*** Opening of Recorded information ***

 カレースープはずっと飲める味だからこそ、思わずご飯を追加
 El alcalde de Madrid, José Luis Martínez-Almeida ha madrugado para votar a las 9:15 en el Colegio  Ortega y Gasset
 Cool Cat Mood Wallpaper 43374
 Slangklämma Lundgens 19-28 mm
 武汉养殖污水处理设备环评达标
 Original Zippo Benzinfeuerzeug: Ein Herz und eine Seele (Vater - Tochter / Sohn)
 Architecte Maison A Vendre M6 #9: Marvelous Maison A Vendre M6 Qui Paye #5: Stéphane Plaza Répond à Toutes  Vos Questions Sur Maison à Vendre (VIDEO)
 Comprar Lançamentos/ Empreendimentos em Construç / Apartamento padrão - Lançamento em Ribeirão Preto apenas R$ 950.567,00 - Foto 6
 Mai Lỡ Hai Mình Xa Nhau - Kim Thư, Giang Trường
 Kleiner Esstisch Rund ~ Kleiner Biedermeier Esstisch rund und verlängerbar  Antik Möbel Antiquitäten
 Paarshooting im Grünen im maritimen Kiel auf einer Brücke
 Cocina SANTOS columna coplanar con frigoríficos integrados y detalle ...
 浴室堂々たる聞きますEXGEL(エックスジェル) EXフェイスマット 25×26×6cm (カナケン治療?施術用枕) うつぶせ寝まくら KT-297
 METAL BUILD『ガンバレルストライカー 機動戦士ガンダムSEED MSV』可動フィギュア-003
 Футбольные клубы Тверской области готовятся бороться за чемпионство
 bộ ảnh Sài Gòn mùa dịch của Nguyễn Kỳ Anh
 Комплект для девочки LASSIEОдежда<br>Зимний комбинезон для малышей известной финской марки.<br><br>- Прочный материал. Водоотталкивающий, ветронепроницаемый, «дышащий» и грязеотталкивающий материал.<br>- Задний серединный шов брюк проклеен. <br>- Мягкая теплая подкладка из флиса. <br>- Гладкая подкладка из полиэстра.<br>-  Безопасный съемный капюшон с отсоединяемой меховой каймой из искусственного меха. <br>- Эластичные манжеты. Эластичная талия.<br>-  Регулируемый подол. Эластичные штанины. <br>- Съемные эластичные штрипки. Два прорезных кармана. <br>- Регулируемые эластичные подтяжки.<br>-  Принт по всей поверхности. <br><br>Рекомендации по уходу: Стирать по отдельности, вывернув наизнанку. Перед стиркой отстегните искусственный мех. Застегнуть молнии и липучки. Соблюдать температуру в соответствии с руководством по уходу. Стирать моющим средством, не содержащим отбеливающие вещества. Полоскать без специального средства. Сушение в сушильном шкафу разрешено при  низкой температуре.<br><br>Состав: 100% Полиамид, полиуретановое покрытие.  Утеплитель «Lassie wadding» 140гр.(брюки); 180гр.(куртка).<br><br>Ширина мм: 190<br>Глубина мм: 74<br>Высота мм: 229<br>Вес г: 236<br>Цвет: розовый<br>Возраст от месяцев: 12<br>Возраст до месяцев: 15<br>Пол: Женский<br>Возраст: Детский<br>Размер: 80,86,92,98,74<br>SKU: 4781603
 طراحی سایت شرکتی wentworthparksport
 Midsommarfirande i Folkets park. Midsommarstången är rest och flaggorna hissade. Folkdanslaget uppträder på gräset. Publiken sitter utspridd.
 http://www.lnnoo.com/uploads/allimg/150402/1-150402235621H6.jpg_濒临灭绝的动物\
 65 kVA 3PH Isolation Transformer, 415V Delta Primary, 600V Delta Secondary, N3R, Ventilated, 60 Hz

*** Close of Recorded information ***

◆ Problem details:
With nothing left out, return each entry exactly.

◆ Your response:
 カレースープはずっと飲める味だからこそ、思わずご飯を追加
 El alcalde de Madrid, José Luis Martínez-Almeida ha madrugado para votar a las 9:15 en el Colegio  Ortega y Gasset
 Cool Cat Mood Wallpaper 43374
 Slangklämma Lundgens 19-28 mm
 武汉养殖污水处理设备环评达标
 Original Zippo Benzinfeuerzeug: Ein Herz und eine Seele (Vater - Tochter / Sohn)
 Architecte Maison A Vendre M6 #9: Marvelous Maison A Vendre M6 Qui Paye #5: Stéphane Plaza Répond à Toutes  Vos Questions Sur Maison à Vendre (VIDEO)
 Comprar Lançamentos/ Empreendimentos em Construç / Apartamento padrão - Lançamento em Ribeirão Preto apenas R$ 950.567,00 - Foto 6
 Mai Lỡ Hai Mình Xa Nhau - Kim Thư, Giang Trường
 Kleiner Esstisch Rund ~ Kleiner Biedermeier Esstisch rund und verlängerbar  Antik Möbel Antiquitäten
 Paarshooting im Grünen im maritimen Kiel auf einer Brücke
 Cocina SANTOS columna coplanar con frigoríficos integrados y detalle ...
 浴室堂々たる聞きますEXGEL(エックスジェル) EXフェイスマット 25×26×6cm (カナケン治療?施術用枕) うつぶせ寝まくら KT-297
 METAL BUILD『ガンバレルストライカー 機動戦士ガンダムSEED MSV』可動フィギュア-003
 Футбольные клубы Тверской области готовятся бороться за чемпионство
 bộ ảnh Sài Gòn mùa dịch của Nguyễn Kỳ Anh
 Комплект для девочки LASSIEОдежда<br>Зимний комбинезон для малышей известной финской марки.<br><br>- Прочный материал. Водоотталкивающий, ветронепроницаемый, «дышащий» и грязеотталкивающий материал.<br>- Задний серединный шов брюк проклеен. <br>- Мягкая теплая подкладка из флиса. <br>- Гладкая подкладка из полиэстра.<br>-  Безопасный съемный капюшон с отсоединяемой меховой каймой из искусственного меха. <br>- Эластичные манжеты. Эластичная талия.<br>-  Регулируемый подол. Эластичные штанины. <br>- Съемные эластичные штрипки. Два прорезных кармана. <br>- Регулируемые эластичные подтяжки.<br>-  Принт по всей поверхности. <br><br>Рекомендации по уходу: Стирать по отдельности, вывернув наизнанку. Перед стиркой отстегните искусственный мех. Застегнуть молнии и липучки. Соблюдать температуру в соответствии с руководством по уходу. Стирать моющим средством, не содержащим отбеливающие вещества. Полоскать без специального средства. Сушение в сушильном шкафу разрешено при  низкой температуре.<br><br>Состав: 100% Полиамид, полиуретановое покрытие.  Утеплитель «Lassie wadding» 140гр.(брюки); 180гр.(куртка).<br><br>Ширина мм: 190<br>Глубина мм: 74<br>Высота мм: 229<br>Вес г: 236<br>Цвет: розовый<br>Возраст от месяцев: 12<br>Возраст до месяцев: 15<br>Пол: Женский<br>Возраст: Детский<br>Размер: 80,86,92,98,74<br>SKU: 4781603
 طراحی سایت شرکتی wentworthparksport
 Midsommarfirande i Folkets park. Midsommarstången är rest och flaggorna hissade. Folkdanslaget uppträder på gräset. Publiken sitter utspridd.
 http://www.lnnoo.com/uploads/allimg/150402/1-150402235621H6.jpg_濒临灭绝的动物\
 65 kVA 3PH Isolation Transformer, 415V Delta Primary, 600V Delta Secondary, N3R, Ventilated, 60 Hz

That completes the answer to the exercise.